Cameroun-Allemagne : Près de 10 milliards de FCFA pour renforcer l’essor économique des villes secondaires
Le Cameroun et l’Allemagne franchissent une nouvelle étape dans leur partenariat de développement avec la signature d’un accord de financement de 15 millions d’euros, soit environ 9,84 milliards de FCFA. Cette enveloppe, destinée à la troisième phase du Programme de Développement Économique et Social des Villes Secondaires Exposées aux Facteurs d’Instabilité (PRODESV III), vise à accélérer la modernisation des collectivités territoriales, réduire les déséquilibres régionaux et stimuler l’emploi local à travers des investissements structurants.

La coopération germano-camerounaise continue de miser sur le développement local comme levier de transformation économique. À Yaoundé, le ministre de l’Économie, de la Planification et de l’Aménagement du Territoire, Alamine Ousmane Mey, et l’ambassadeur d’Allemagne au Cameroun, Christian Sedat, ont officialisé un financement concessionnel destiné à soutenir les villes secondaires du pays. Cette nouvelle contribution financière permettra au Fonds spécial d’équipement et d’intervention intercommunale (FEICOM), principal bras financier de la décentralisation au Cameroun, de poursuivre la réalisation d’infrastructures socio-économiques dans plusieurs communes confrontées à des défis de développement et à des facteurs d’instabilité. L’objectif est double : améliorer les services de proximité tout en renforçant les capacités de gestion et d’autonomie financière des collectivités locales.
L’une des particularités du PRODESV III réside dans le recours à l’approche dite à Haute Intensité de Main-d’Œuvre (HIMO). Cette méthode privilégie l’utilisation de travailleurs locaux et de matériaux disponibles sur place pour la réalisation des infrastructures. Au-delà de la simple construction d’équipements publics, cette démarche génère des revenus directs pour les populations, favorise le transfert de compétences et contribue à l’animation des économies locales. Dans un contexte marqué par un chômage persistant des jeunes et des tensions socio-économiques dans certaines régions, cette orientation apparaît comme un instrument de stabilisation économique et sociale.
Les performances enregistrées au cours de la deuxième phase du programme ont largement plaidé en faveur de ce nouvel engagement financier. Selon les données présentées lors de la cérémonie de signature, 220 projets ont été réalisés dans des secteurs stratégiques tels que la santé, l’éducation, l’eau potable, l’énergie, l’agro-industrie et les travaux publics. Près de neuf infrastructures sur dix sont déjà opérationnelles, avec des effets tangibles sur les conditions de vie des populations bénéficiaires. Environ 50 000 personnes auraient directement profité des investissements réalisés dans les différentes localités concernées. Ces résultats renforcent l’idée que les villes secondaires constituent désormais un maillon essentiel de la stratégie nationale d’aménagement du territoire.

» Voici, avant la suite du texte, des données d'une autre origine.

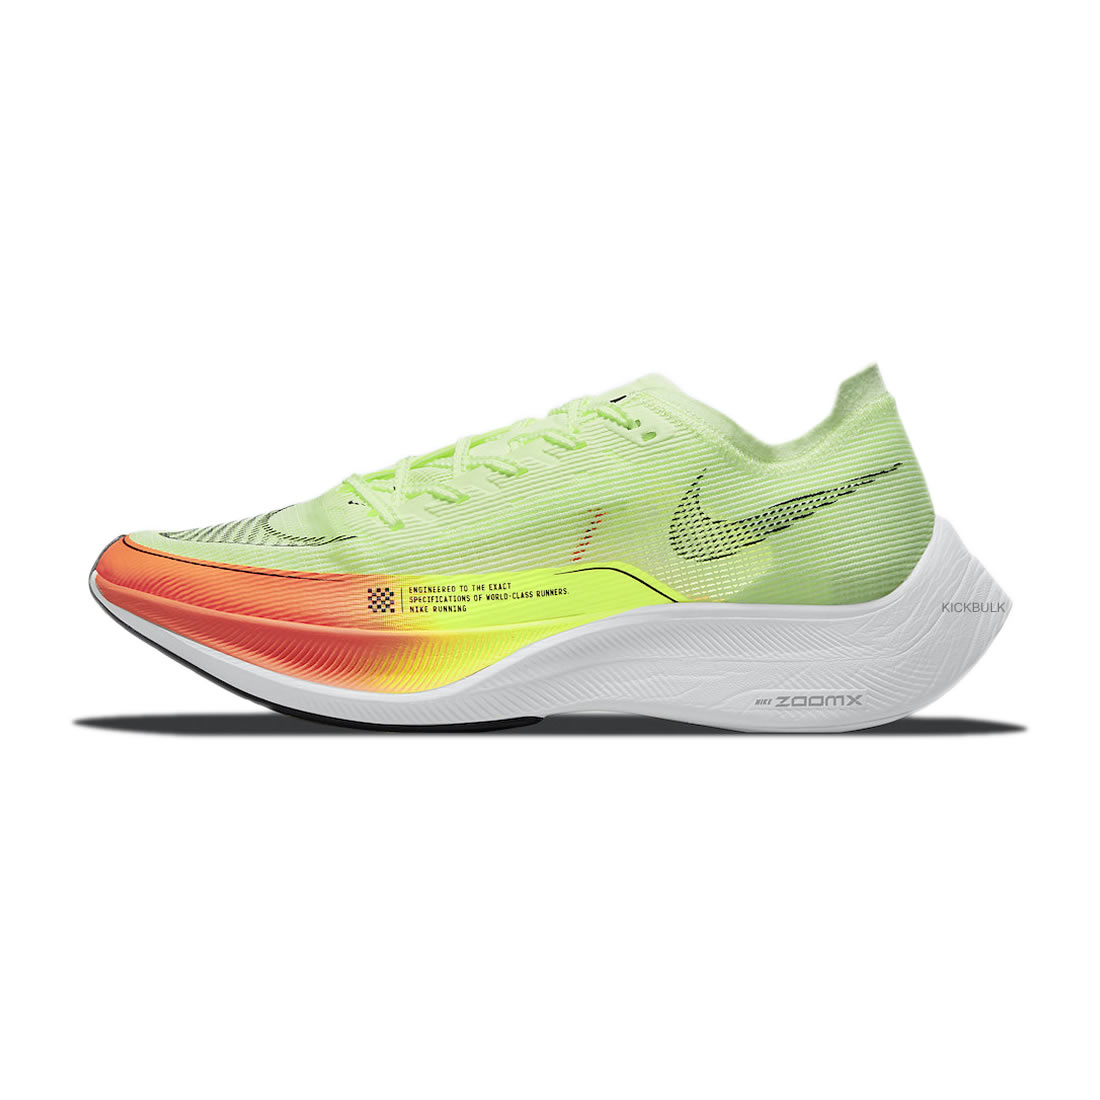 Nike Zoomx Vaporfly Next Neon Cu4111 700 1 - www.kickbulk.cc

Sur le plan macroéconomique, ce financement s’inscrit dans les priorités de la Stratégie nationale de développement 2020-2030 (SND30), qui fait de la décentralisation et de l’équilibre territorial des axes majeurs de croissance inclusive. Les villes secondaires jouent un rôle croissant dans la décongestion des grands centres urbains comme Douala et Yaoundé. En améliorant les infrastructures locales, le gouvernement cherche à créer des pôles économiques intermédiaires capables d’attirer les investissements, de développer les chaînes de valeur locales et de limiter les migrations internes liées à l’absence d’opportunités économiques. Cette approche répond également à un impératif budgétaire : renforcer les capacités des communes afin qu’elles deviennent progressivement des acteurs du développement économique plutôt que de simples bénéficiaires des transferts de l’État central.
Ce nouvel accord illustre la solidité d’une coopération entre le Cameroun et l’Allemagne qui dure depuis plus de soixante ans. Accordé par le ministère fédéral allemand de la Coopération économique et du Développement (BMZ) à travers la banque de développement KfW, le financement vient porter le portefeuille global des projets soutenus par l’Allemagne au Cameroun à près de 519,85 millions d’euros, soit environ 340,5 milliards de FCFA.
Dans un contexte où les ressources publiques demeurent sous pression et où les besoins en infrastructures restent considérables, cet engagement confirme la place stratégique de l’Allemagne parmi les principaux partenaires techniques et financiers du Cameroun. Il témoigne également de la confiance accordée aux réformes engagées dans le domaine de la gouvernance locale et du développement territorial.